__EXERCISE DESCRIPTION__.
Leave out the pictures and output exactly the lines below from the one with "Eiermann 1 Writing Desk 180 x 90" down to the one with "地元神社の節分祭にて。元気い", both of them included.
--- SUPPLIED INFORMATION Enclosed Below ---
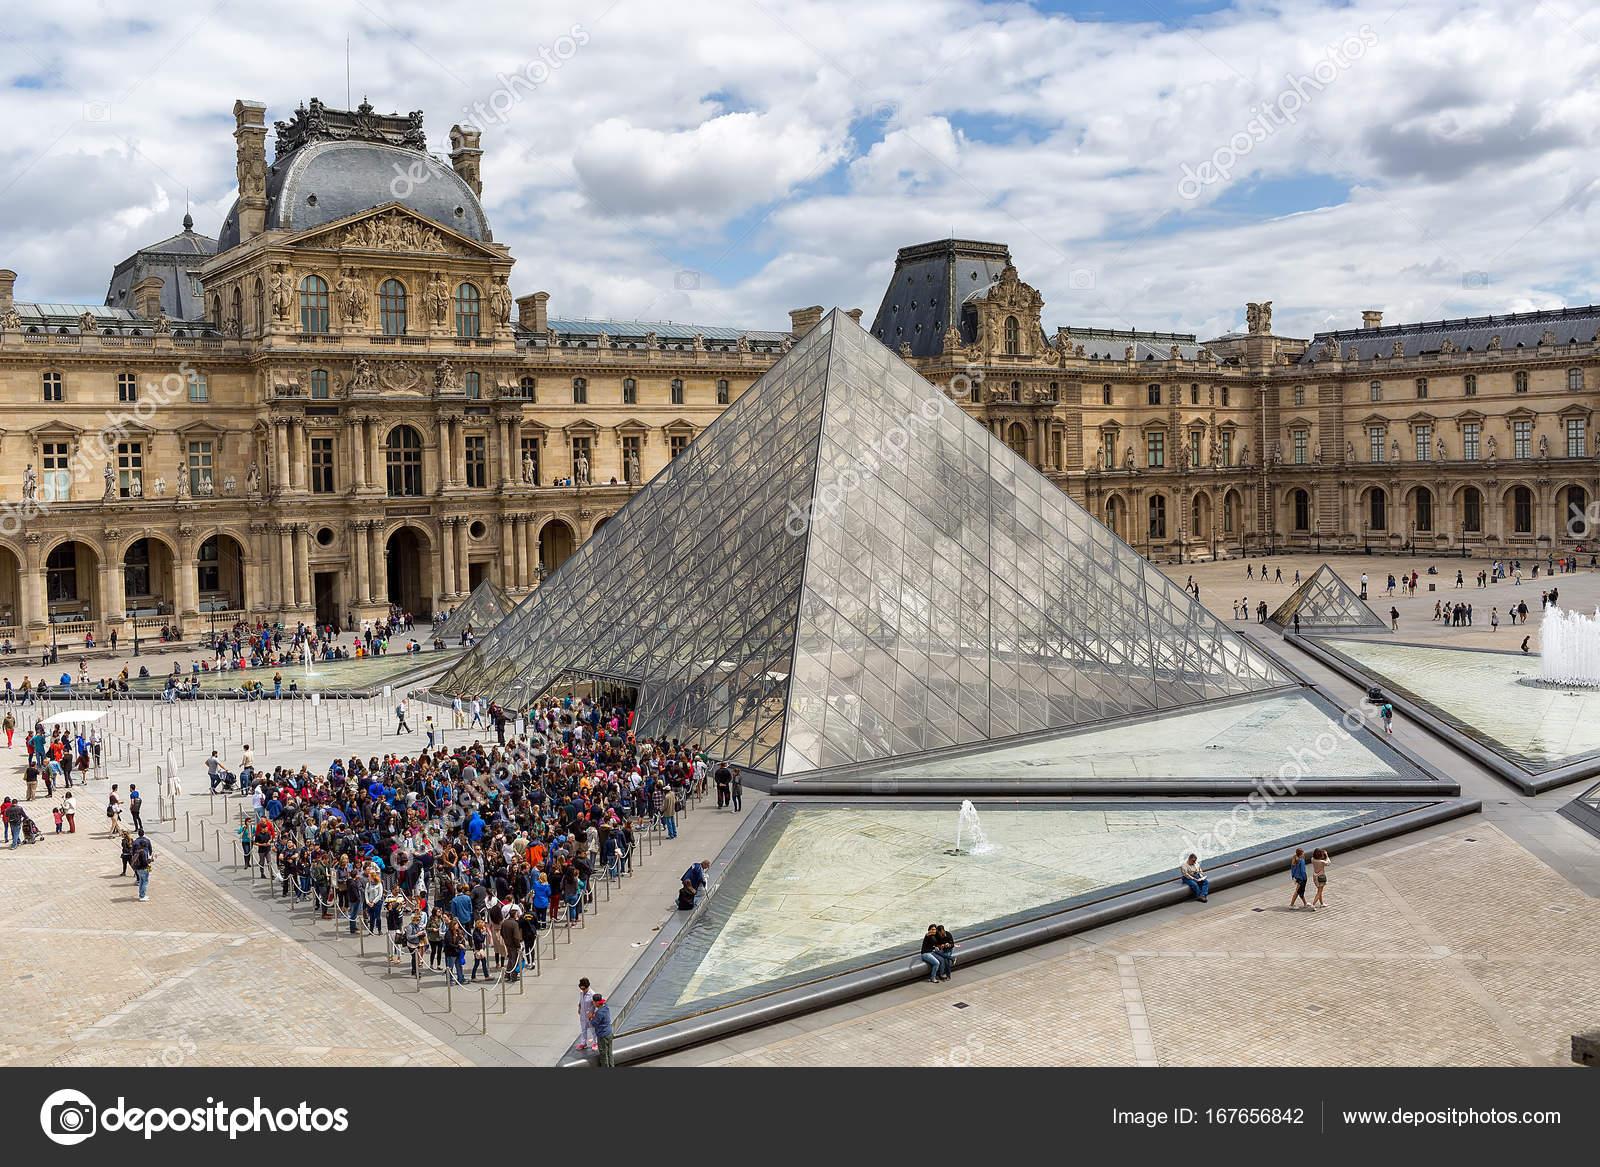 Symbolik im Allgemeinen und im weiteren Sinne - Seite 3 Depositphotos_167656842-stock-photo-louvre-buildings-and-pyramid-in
--- End of Enclosed SUPPLIED INFORMATION ---
--- SUPPLIED INFORMATION Enclosed Below ---
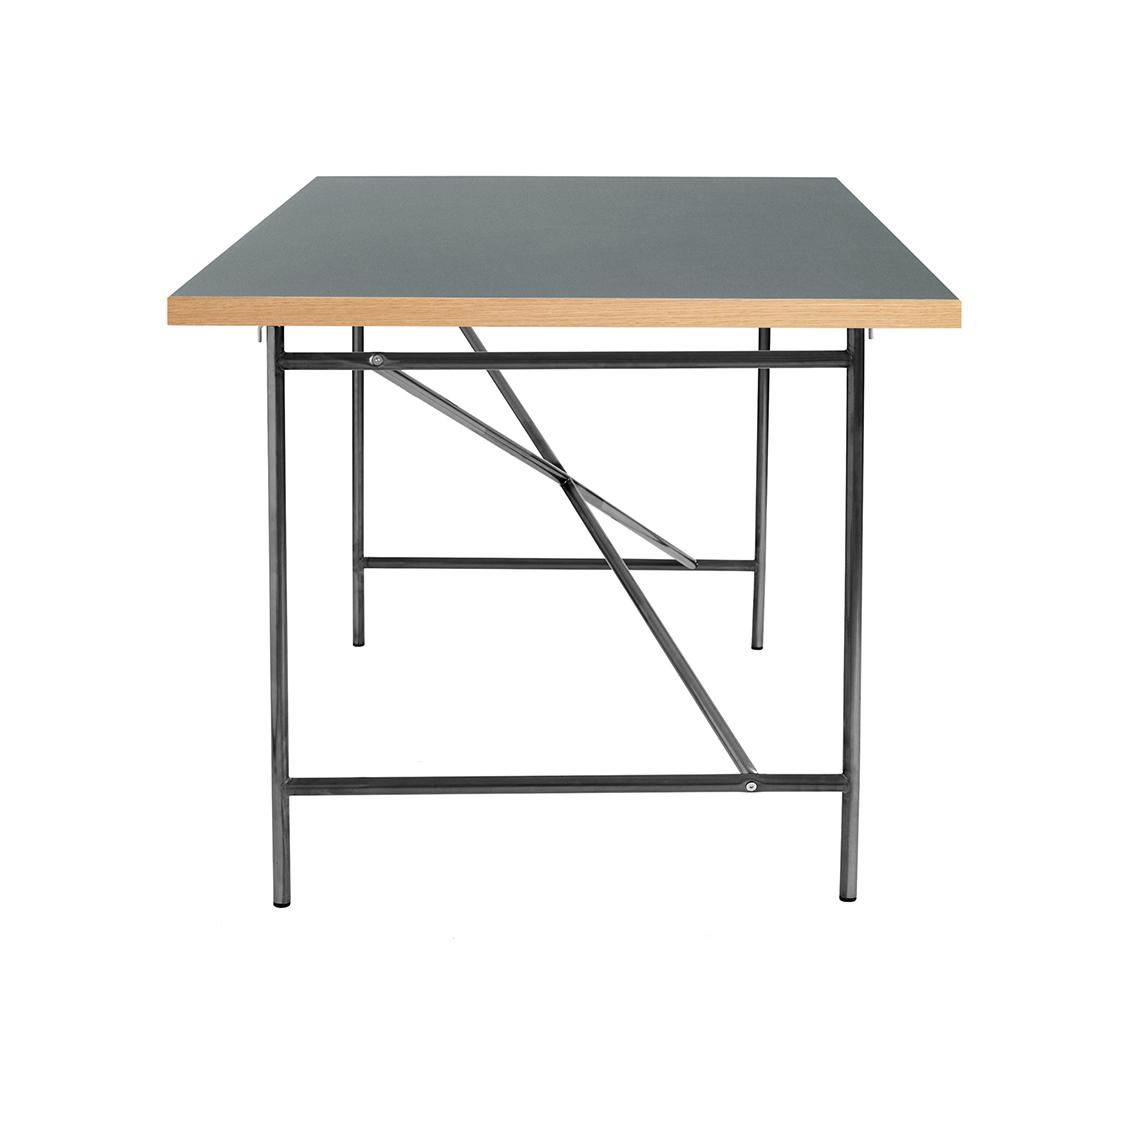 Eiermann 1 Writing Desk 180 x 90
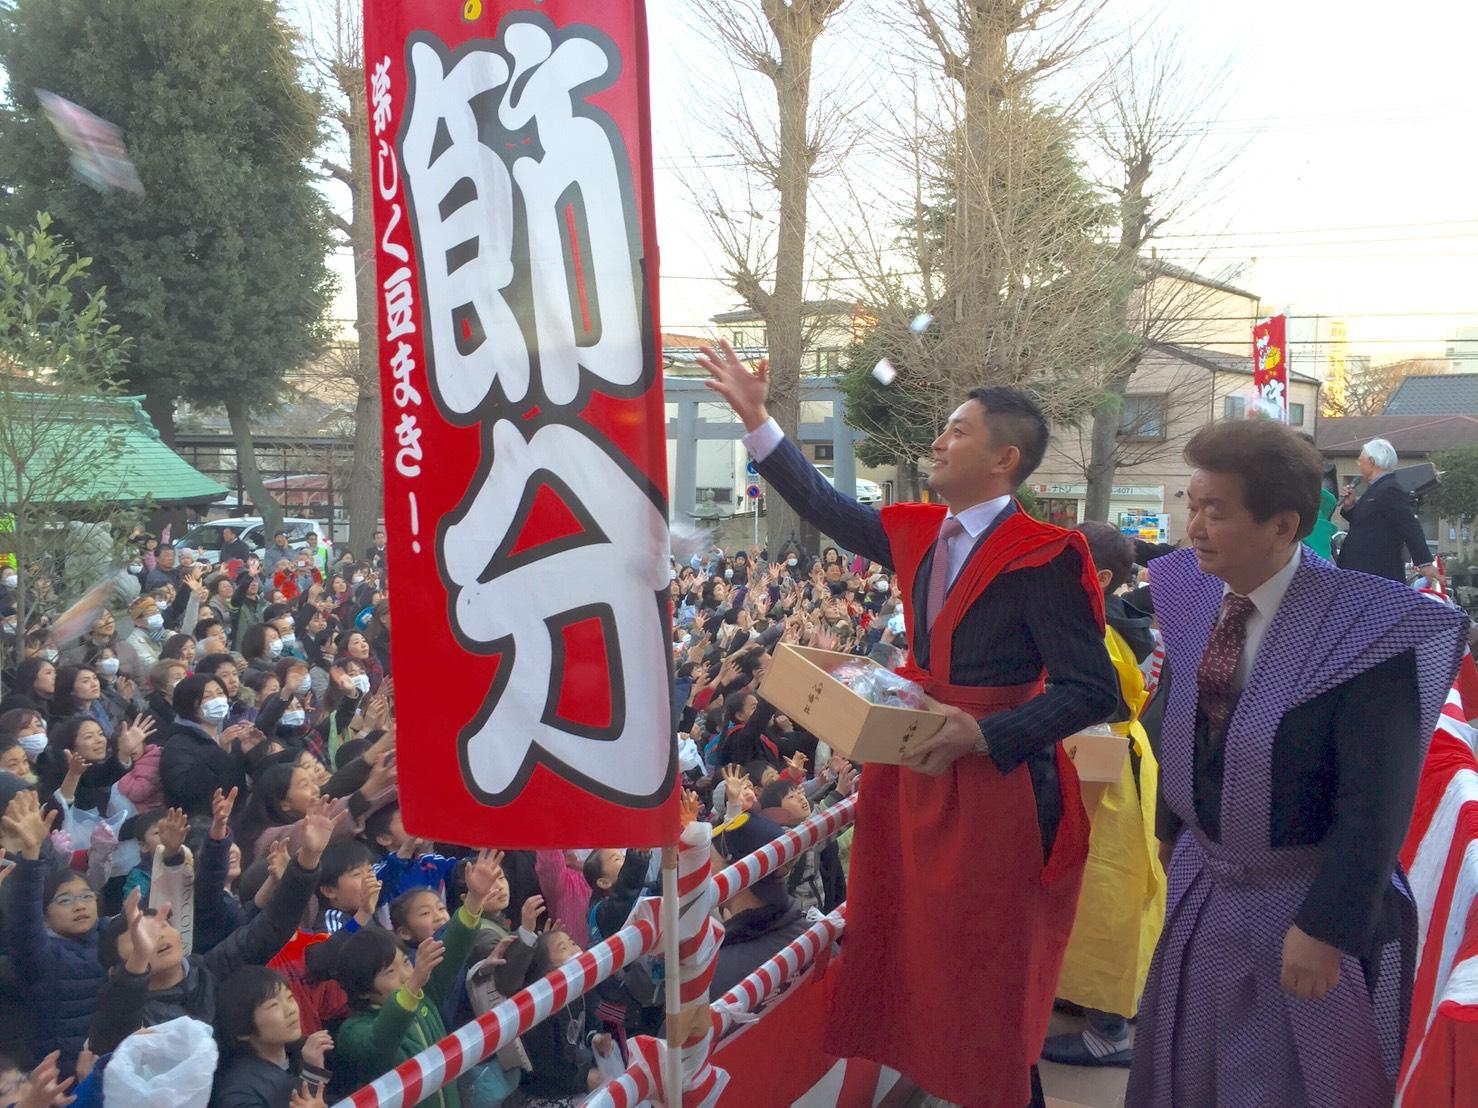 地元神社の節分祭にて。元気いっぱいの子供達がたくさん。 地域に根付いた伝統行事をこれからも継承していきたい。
--- End of Enclosed SUPPLIED INFORMATION ---
__SOLUTION__.
 Eiermann 1 Writing Desk 180 x 90
 地元神社の節分祭にて。元気いっぱいの子供達がたくさん。 地域に根付いた伝統行事をこれからも継承していきたい。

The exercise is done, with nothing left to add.